What needs to be done: Retype the line in which "Planche en bois" appears, then every line after it until the records end. Leave out the pictures.

Saved entries
· · · ·

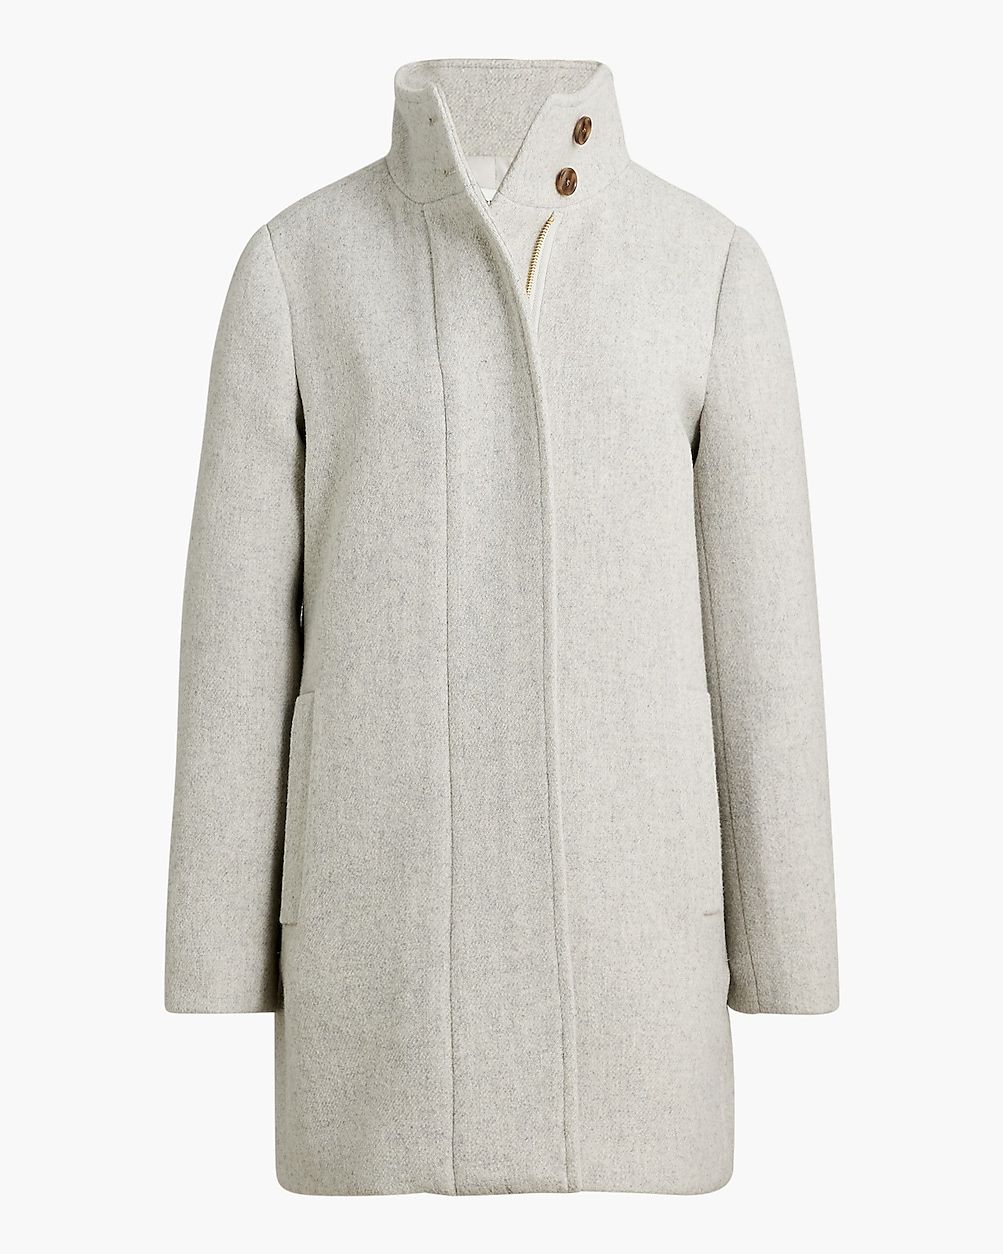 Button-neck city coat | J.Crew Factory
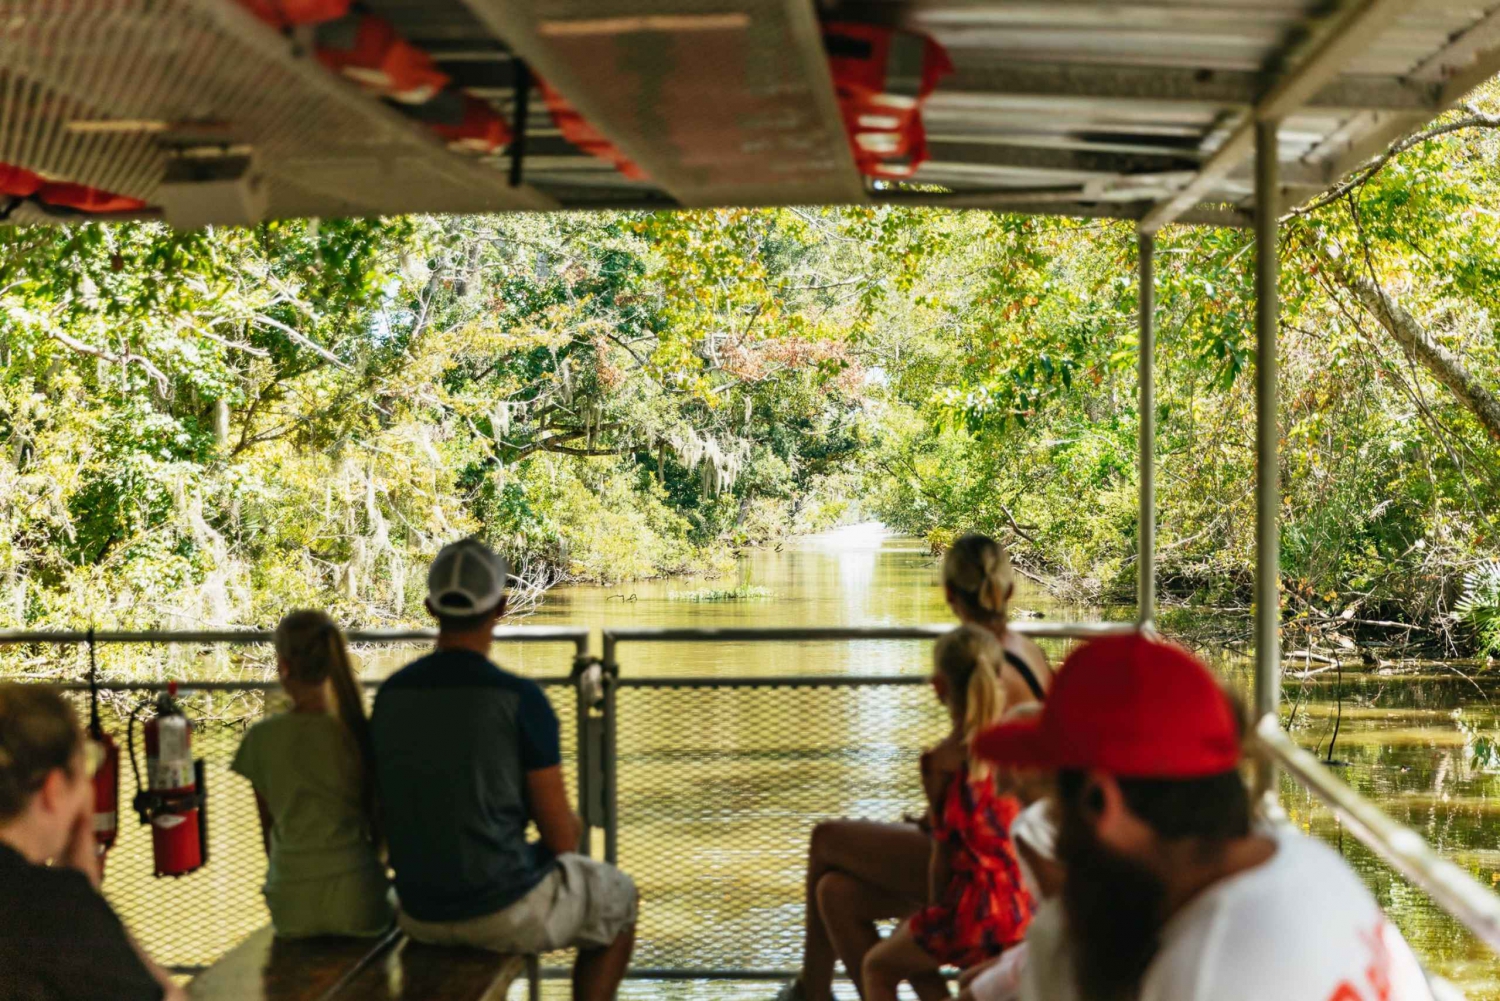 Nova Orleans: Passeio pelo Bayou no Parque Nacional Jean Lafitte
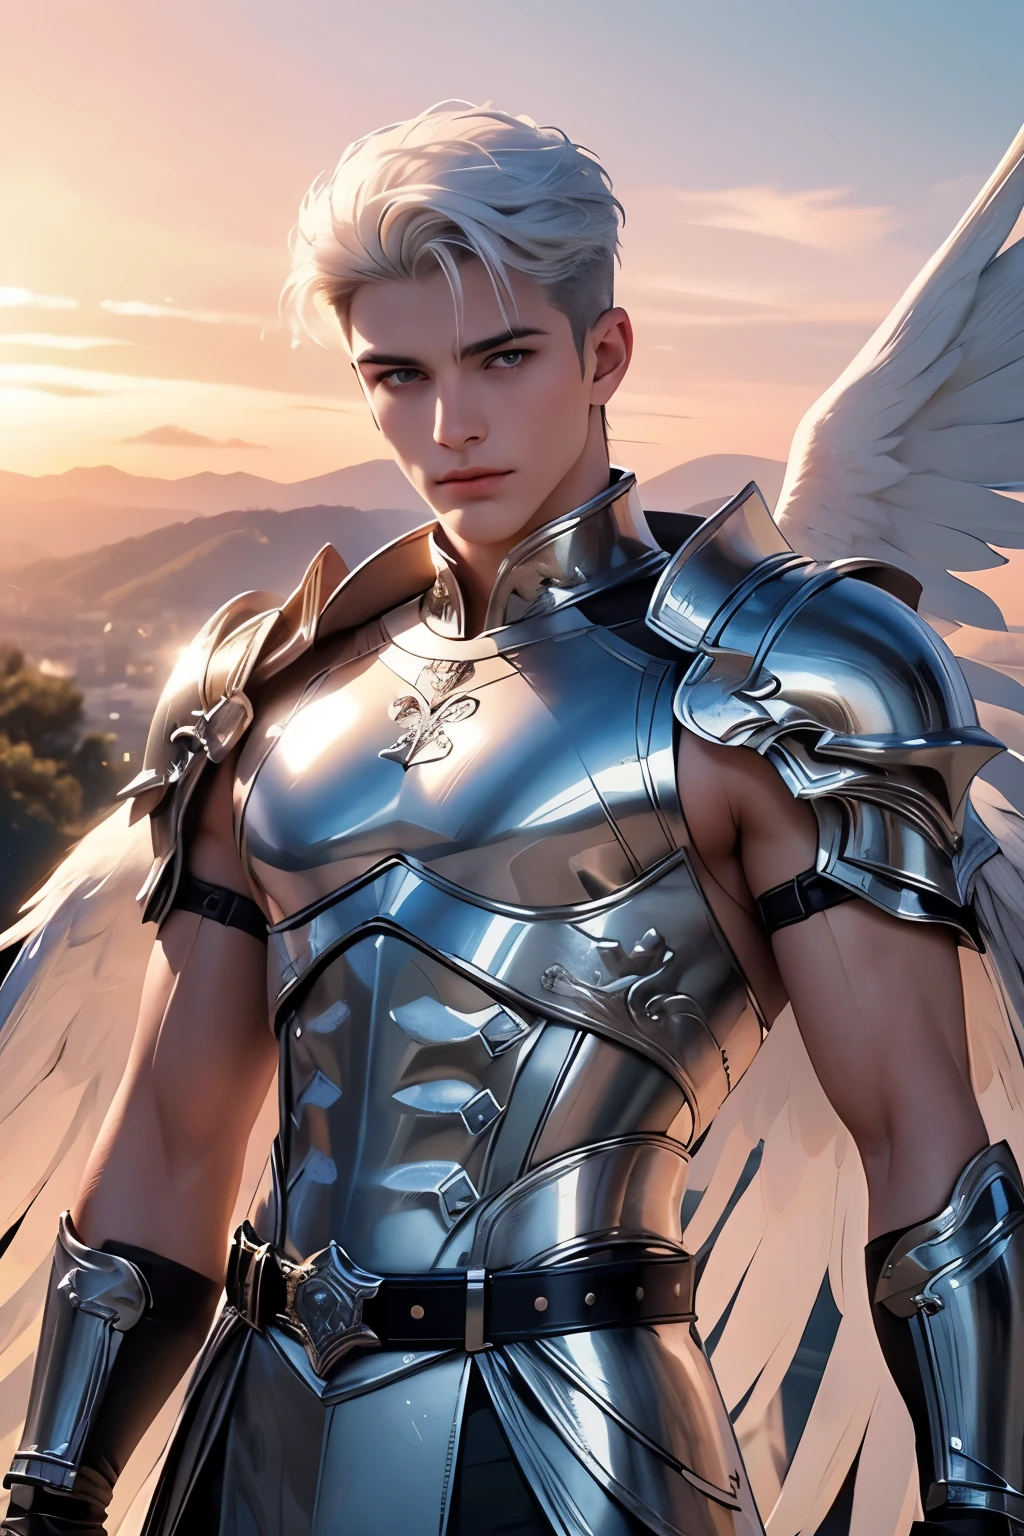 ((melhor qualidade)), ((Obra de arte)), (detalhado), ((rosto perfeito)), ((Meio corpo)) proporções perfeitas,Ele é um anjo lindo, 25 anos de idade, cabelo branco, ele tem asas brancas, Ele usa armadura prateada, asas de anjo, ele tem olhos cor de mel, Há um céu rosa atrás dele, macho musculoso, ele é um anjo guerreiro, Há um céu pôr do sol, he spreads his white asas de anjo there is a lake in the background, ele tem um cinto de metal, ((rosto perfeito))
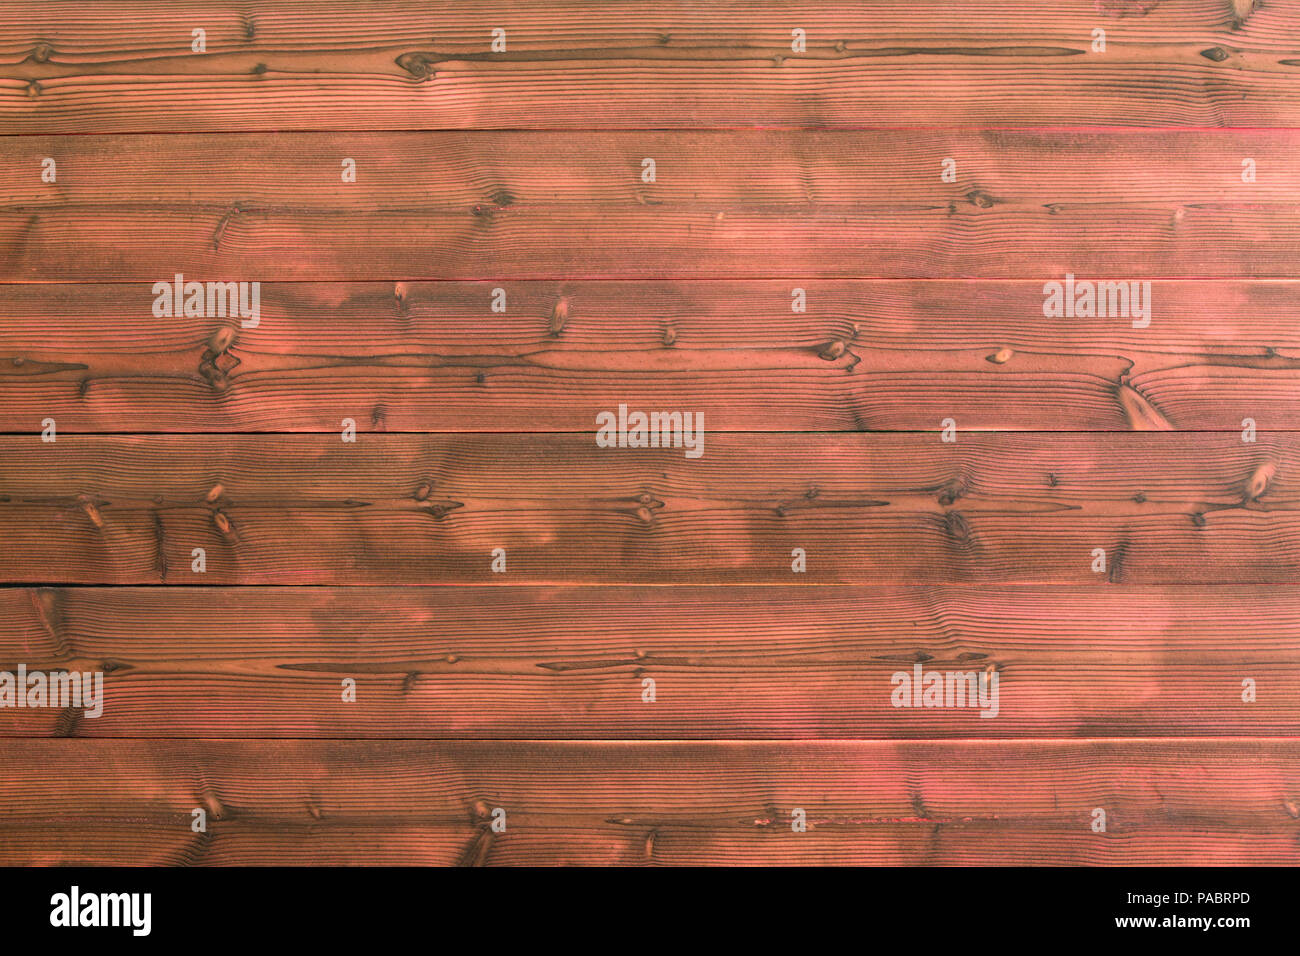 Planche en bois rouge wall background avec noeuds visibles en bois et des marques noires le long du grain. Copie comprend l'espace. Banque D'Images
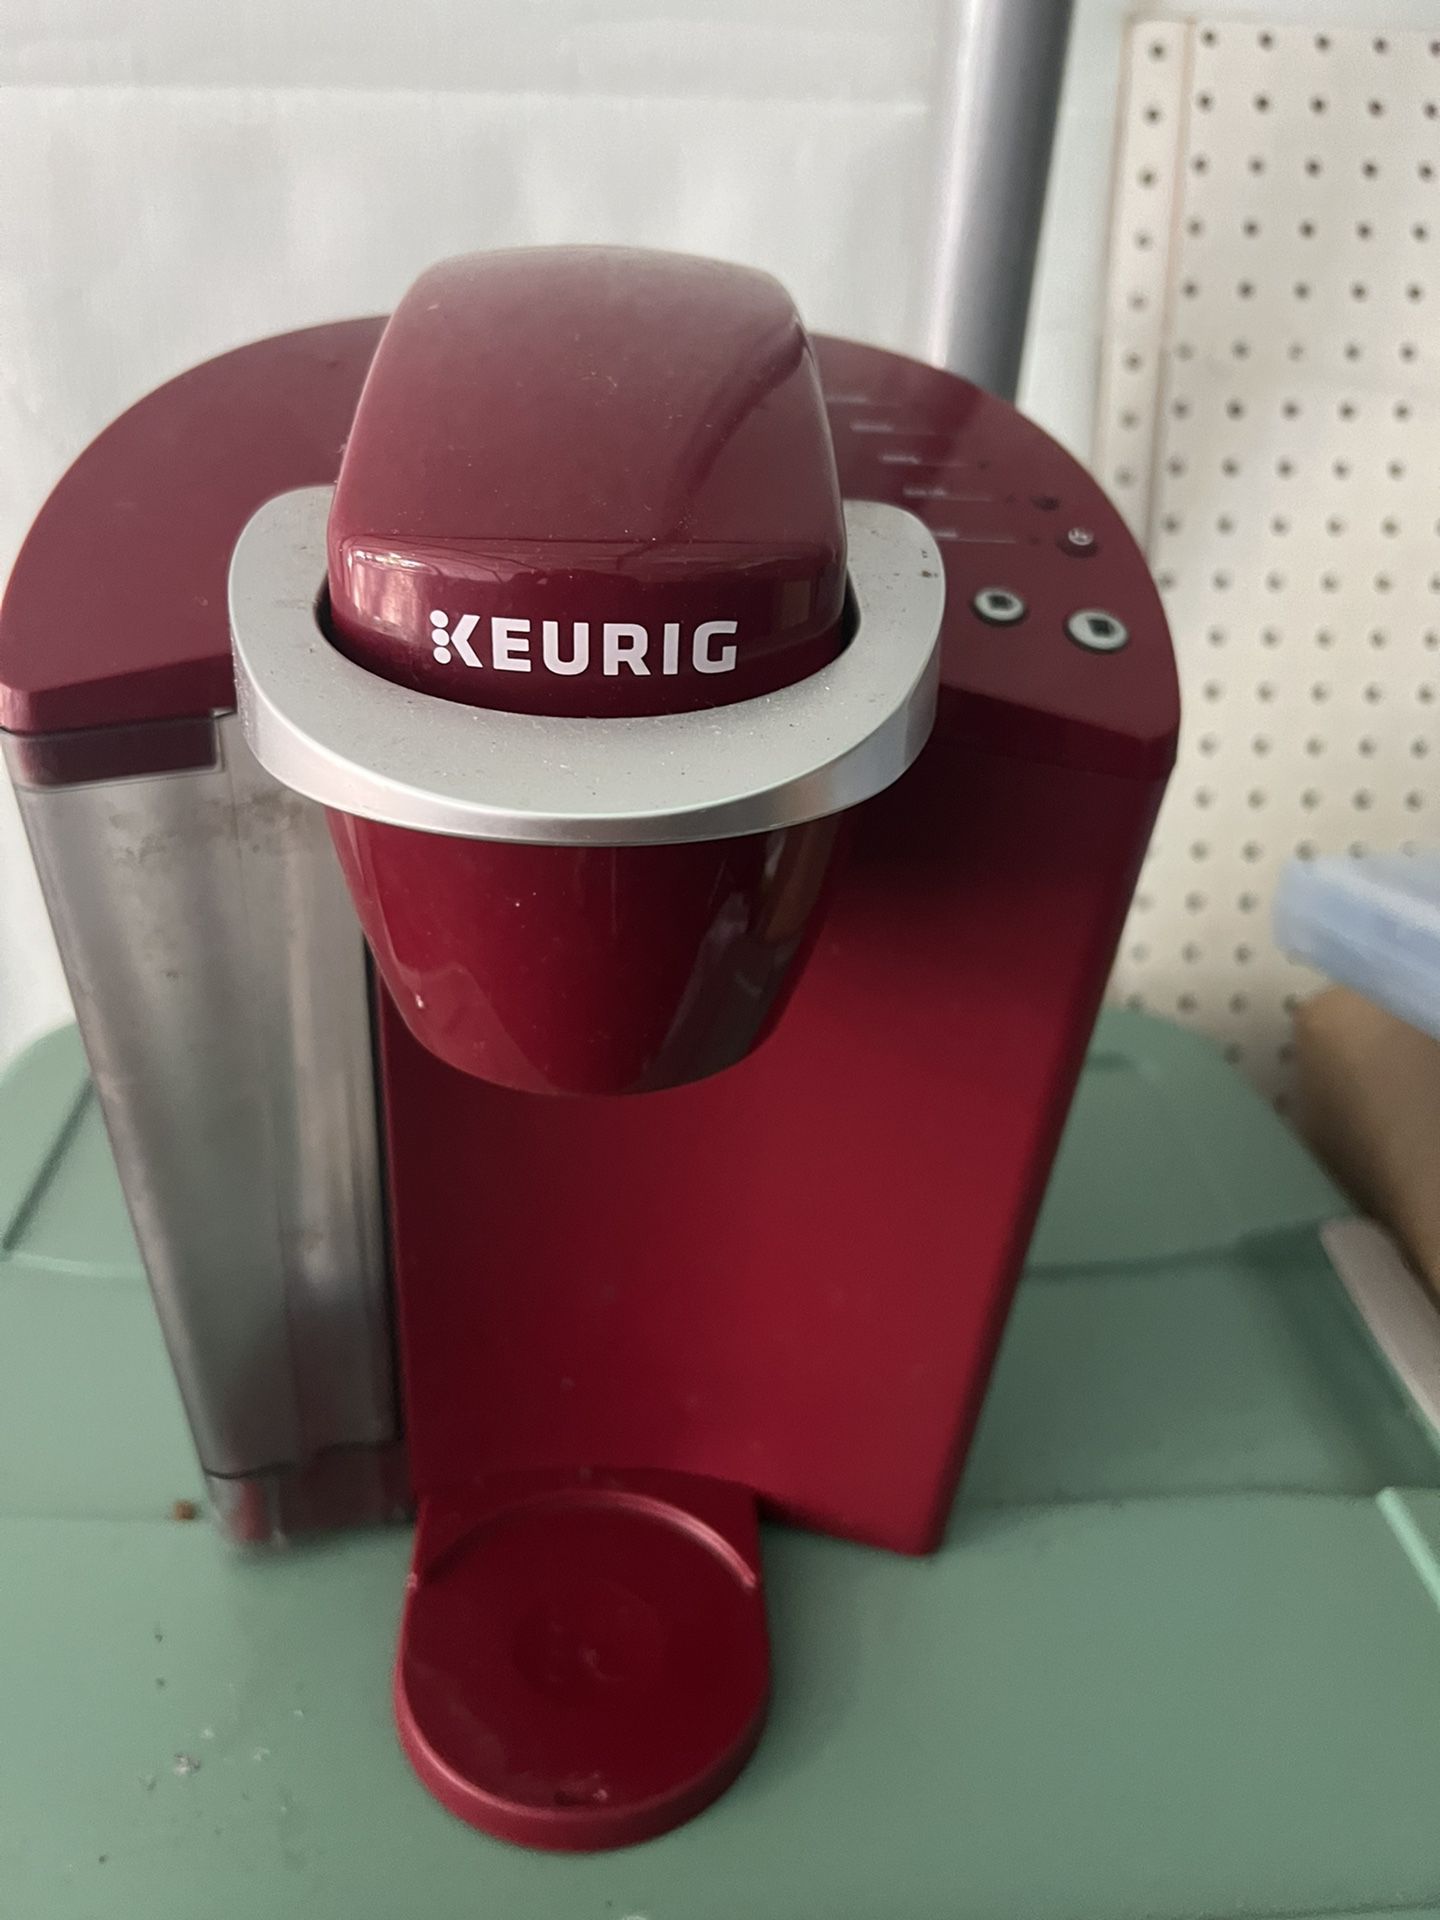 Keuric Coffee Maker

· · · ·

Output of the task:
 Planche en bois rouge wall background avec noeuds visibles en bois et des marques noires le long du grain. Copie comprend l'espace. Banque D'Images
 Keuric Coffee Maker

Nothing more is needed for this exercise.